INFORMATION
-----
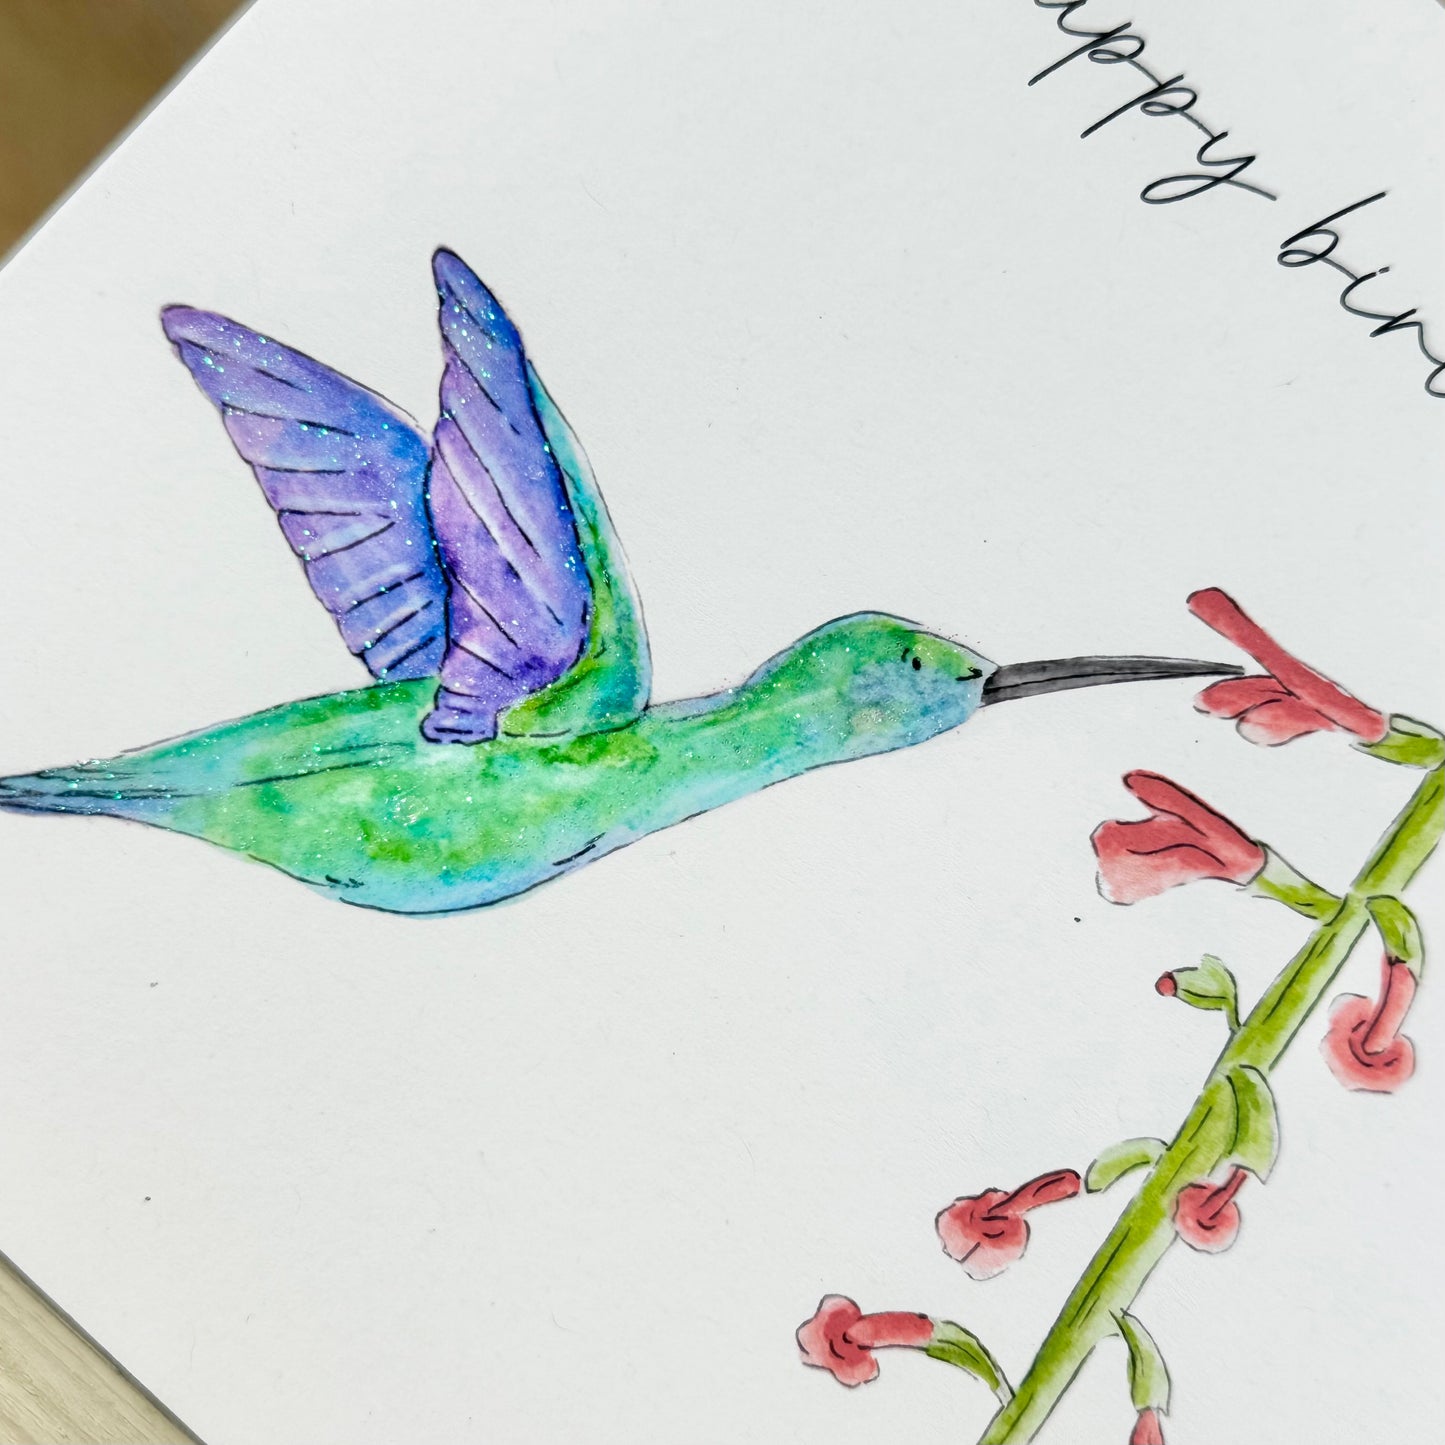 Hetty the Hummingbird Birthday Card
-----
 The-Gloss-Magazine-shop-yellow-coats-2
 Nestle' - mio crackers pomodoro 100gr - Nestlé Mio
-----
WHAT THE TASK REQUIRES
Would you output, from the records above, exactly the run of lines that starts at the line containing "The-Gloss-Magazine-shop-yellow-coats-2" and ends at the line containing "Nestle' - mio", and only that run?

EXPECTED ANSWER
 The-Gloss-Magazine-shop-yellow-coats-2
 Nestle' - mio crackers pomodoro 100gr - Nestlé Mio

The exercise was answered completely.